In today’s scenario, we are the Martians.  

White Squirrel
This magnitude of change is therefore not so much an exotic black swan, but the more domestic backyard squirrel – a white one that can’t be trapped or easily killed, a metaphor by our business-school colleague Bill Costa at New Hampshire’s Franklin Pierce University.  As the uncertainty sinks in deeper, even your own home, center of comfort and reassurance, starts to look somehow alien, as if it could any moment fade away.  The image of the future begins to loosen and float uneasily as dozens of scenarios – mostly unsettling—edge in to fill the space of stability and habit.  So much change in the course of days and weeks, rather than years or decades, is mentally and emotionally devastating, and will continue to twist any semblance of normalcy.  Rarely has humanity been so put upon to examine basic operating assumptions, concepts, and practices no one had to think about pre-2020. 

We don’t mind change itself—we just don’t want change forced upon us.

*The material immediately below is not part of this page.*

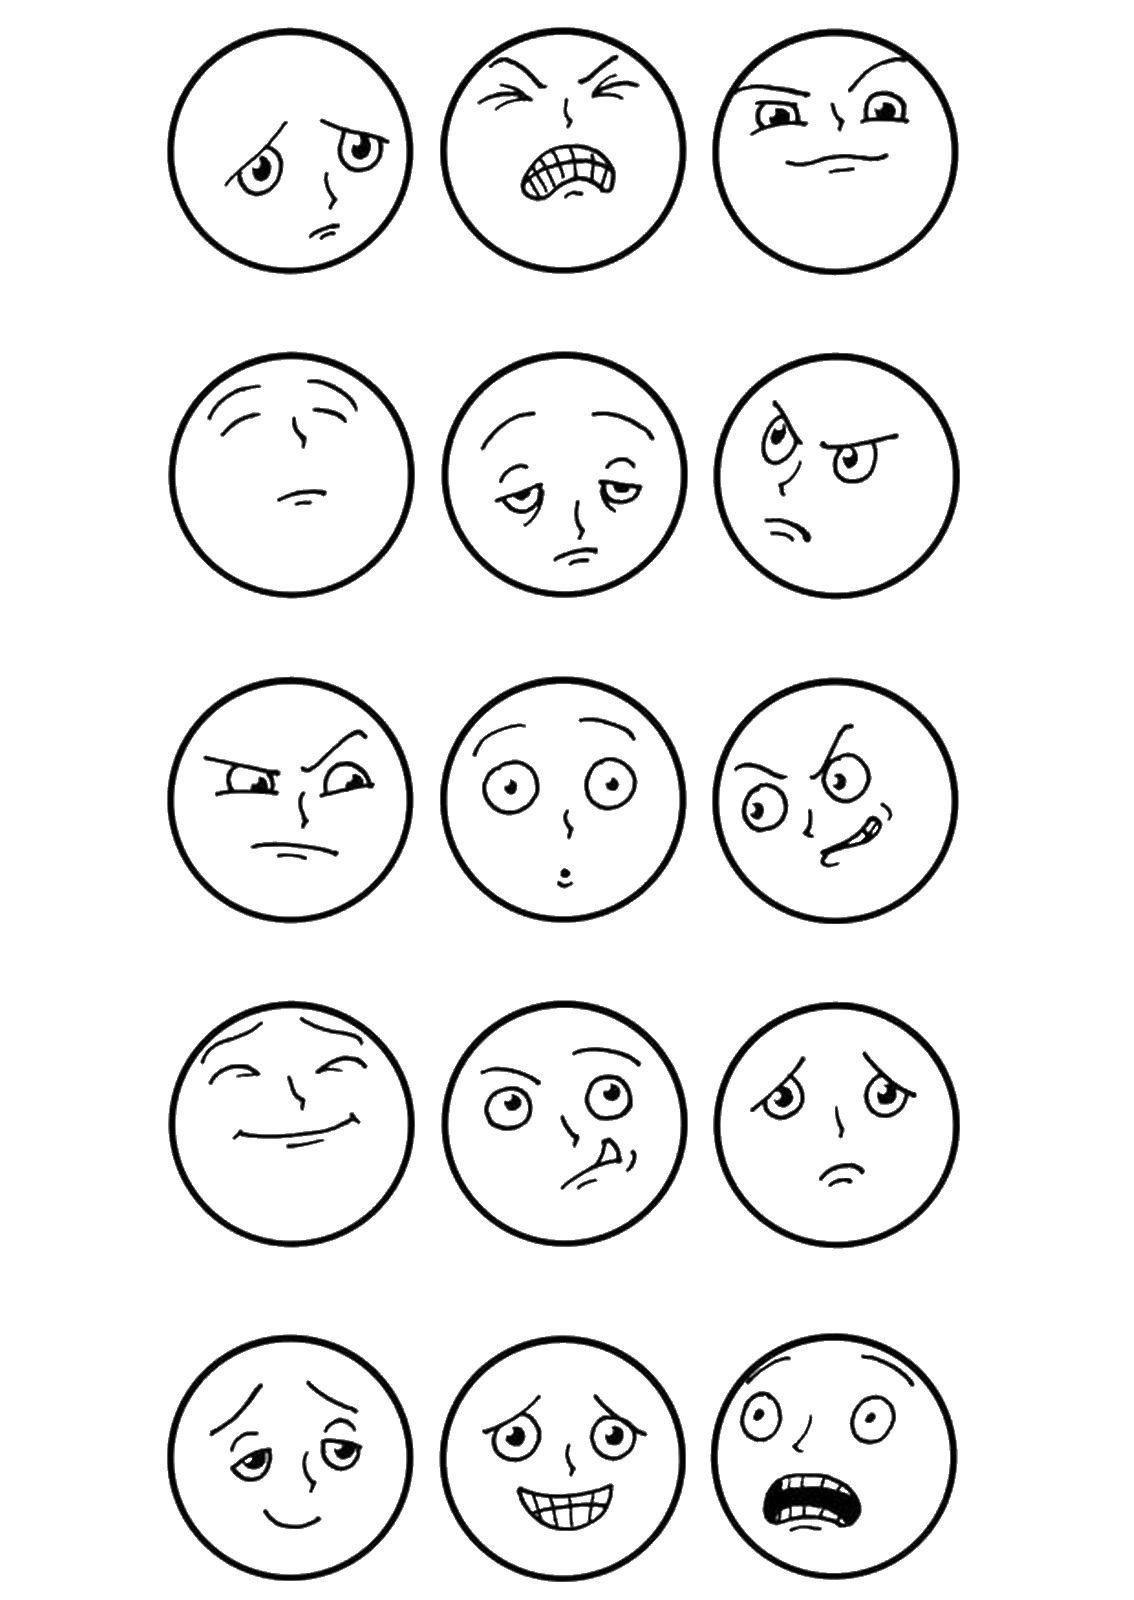 Top free printable emotions coloring pages online emotion faces facial expressions feelings and emotions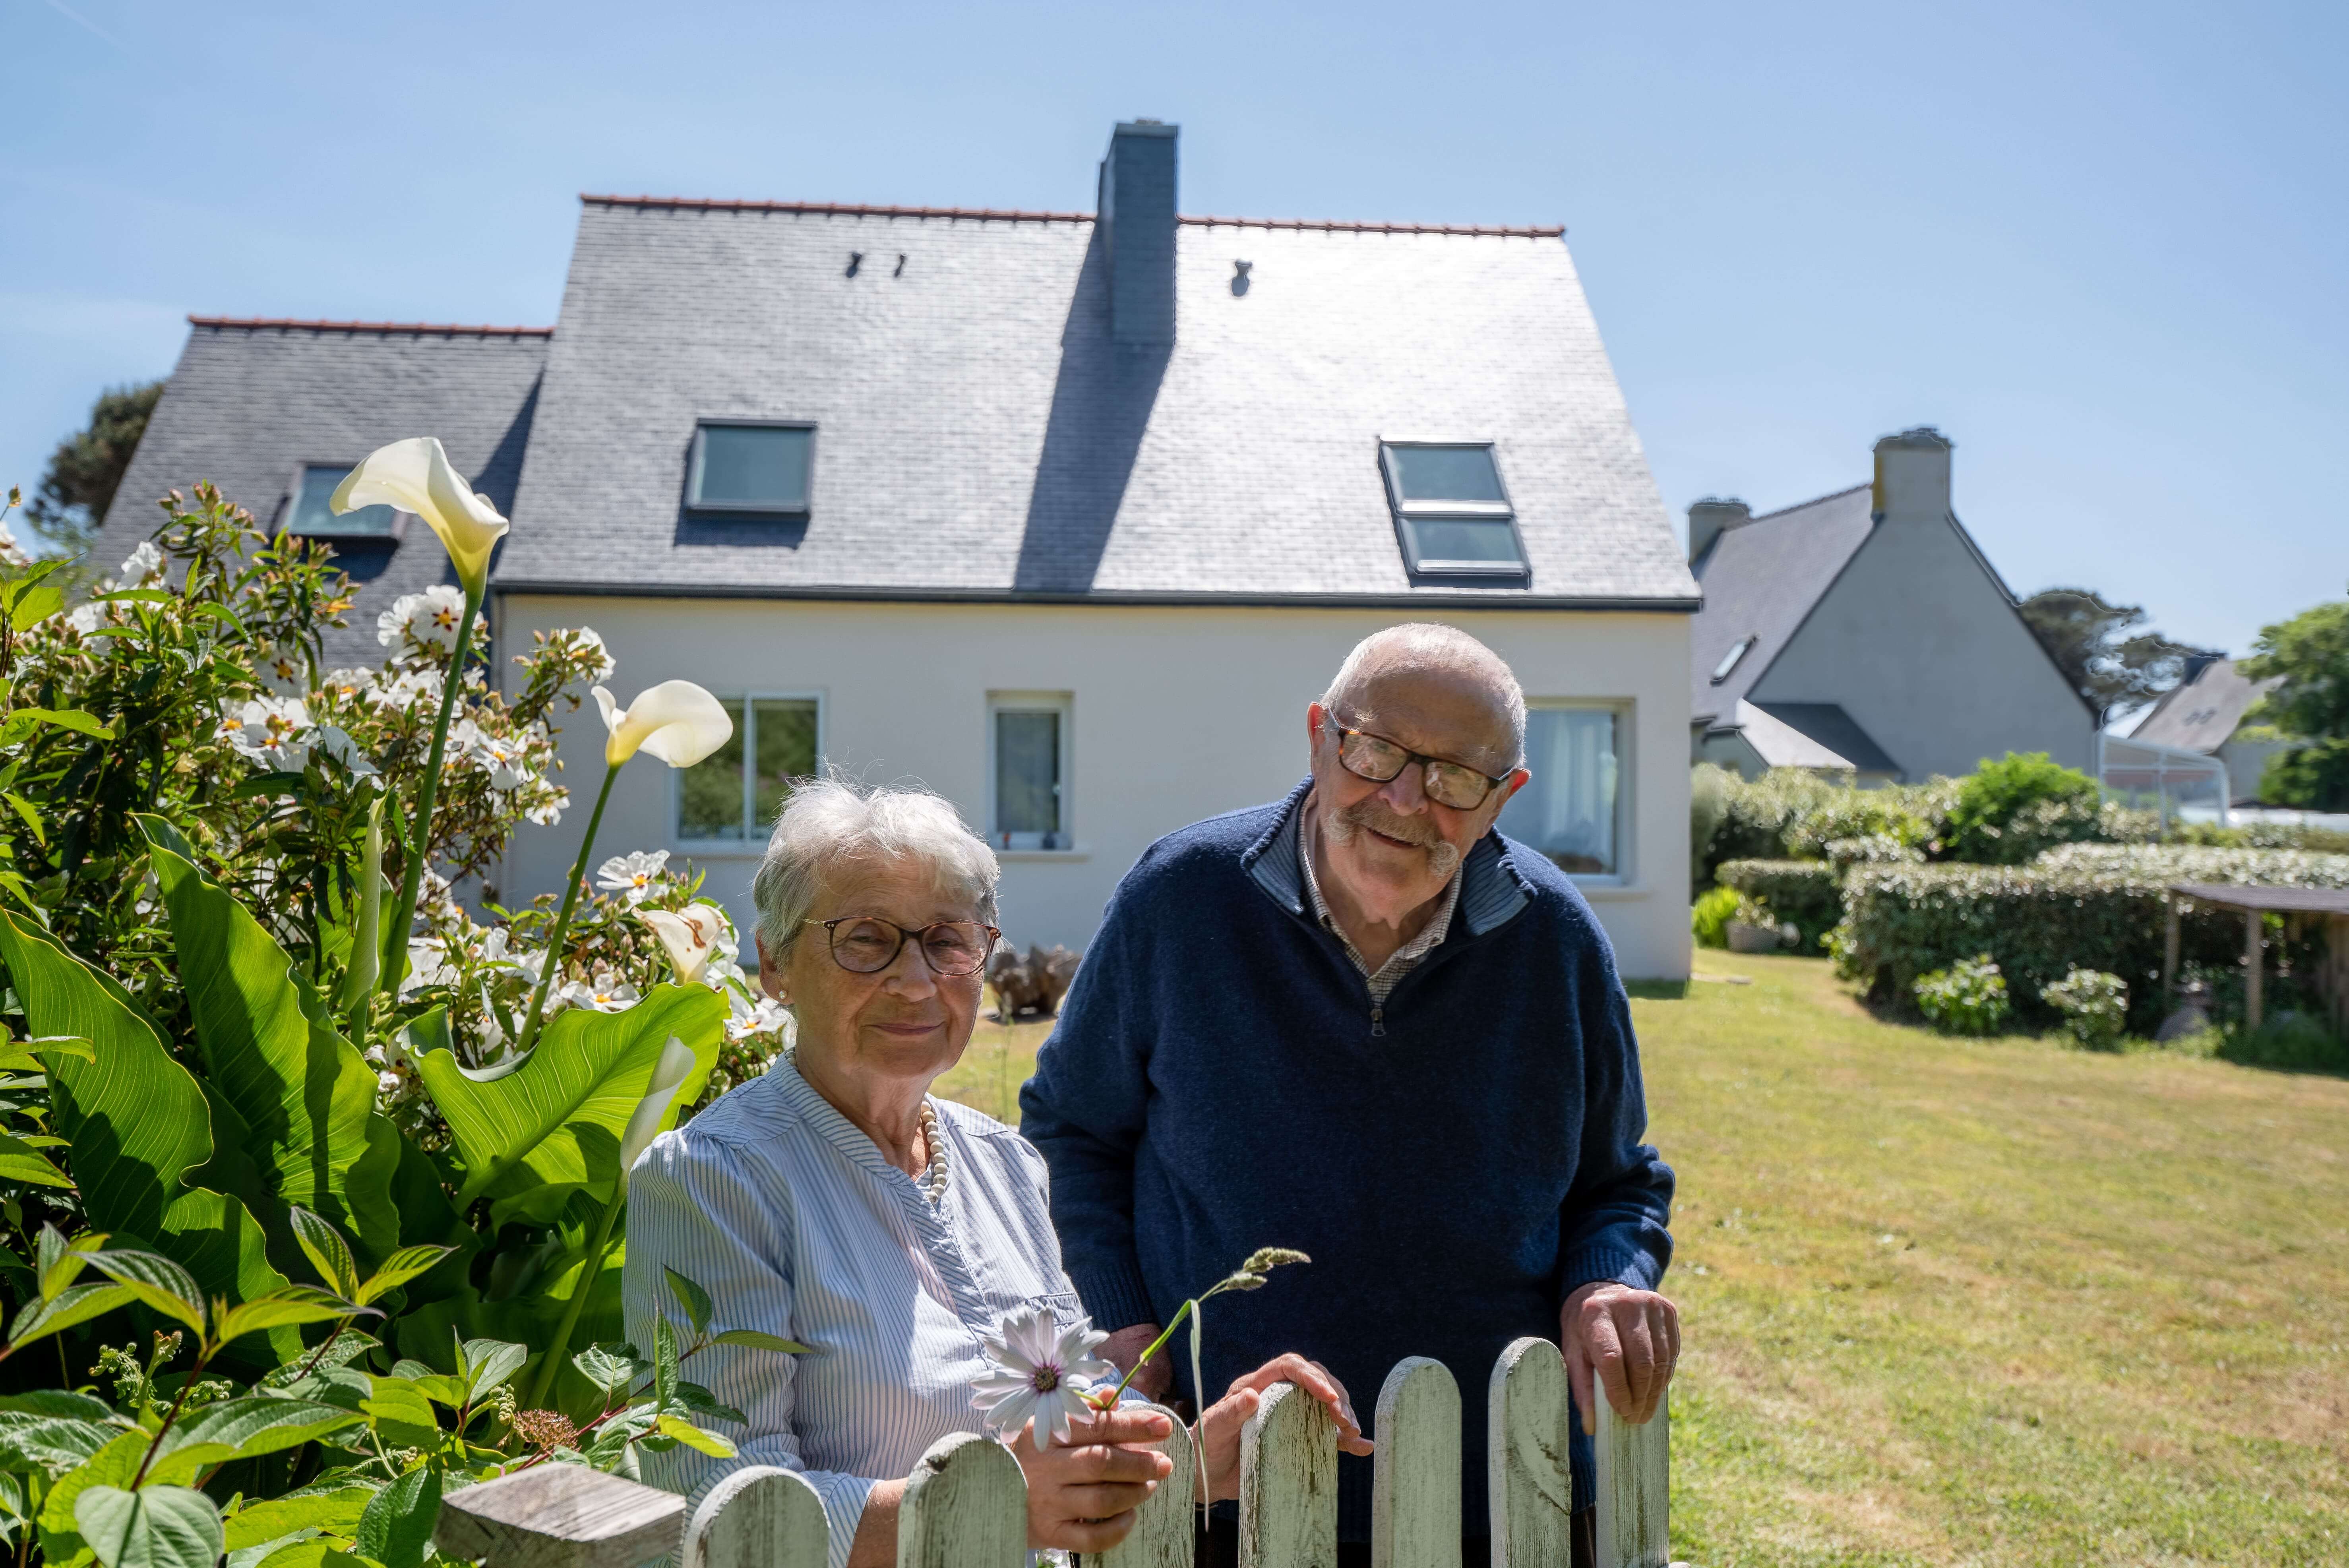 An elderly couple standing by the fence and their house is behind them

We resist problems arriving too fast, too many, too fear-driven, and too global.  Attending a school far from home, getting married, moving to a new home, a new job or career…always appear with a level of stress, but they are also experienced as upward moves that meet our goals.  Positive changes involve choices that enable our dreams and talents, keeping us in control so that we can handle the outcomes.  But negative changes driven by fear, uncertainty, and doubt are net losses.  They leave us unable to determine what has changed and what has not, what is temporary and what permanent, about the new normal.
 
Aftermath
The aftermath: most long-term implications are across the board and won’t be apparent for months or years to come, the perfect storm of uncertainty and loss aversion for making policy, or deciding to buy or sell a house, finish college, or even travel.  The viral crisis is the perfect object lesson in change with thousands of data points – not the result of disease itself but caused by the massive effort to anticipate and modify its occurrence.  In its destructive high tide, it raises terrible questions about the cost of prevention to the lives of billions versus letting the disease take its course and cause distress for millions, then death for 10% of that number.   Without the ability to analyze a vast number of variables—many of them interactive—no rational decision-making is feasible.  When everything stabilizes, there will be plenty of work in sorting through the options to even know what ways of thinking and acting will still be functional, and which will dry up, never to emerge again.

Perhaps we can begin to ask a series of “CIS” questions, short for “Can I still …” Stay with my 2019 plans? Take a new job?  Retire?  Change careers?  Continue with my start-up campaign?  Have children?  Move, remodel, or rent my house?  Count on which things to be different, and which to stay more or less the same?  Have a future anything like the one I could count on – up to now?  Understand how my entire circle of relationships might have regrouped because of the epidemic’s fallout?  And, of course, prepare for the next issue of pandemic.  

The knock-off decision-making crisis will be based on how many options will require deep analysis, and which can be made as we make 90% of choices: by cultural (shared-values) intuition.  This will require a new mindset anchored to the continuity of cultural ideals, while following a new trajectory shaped by the most widespread health crisis in history.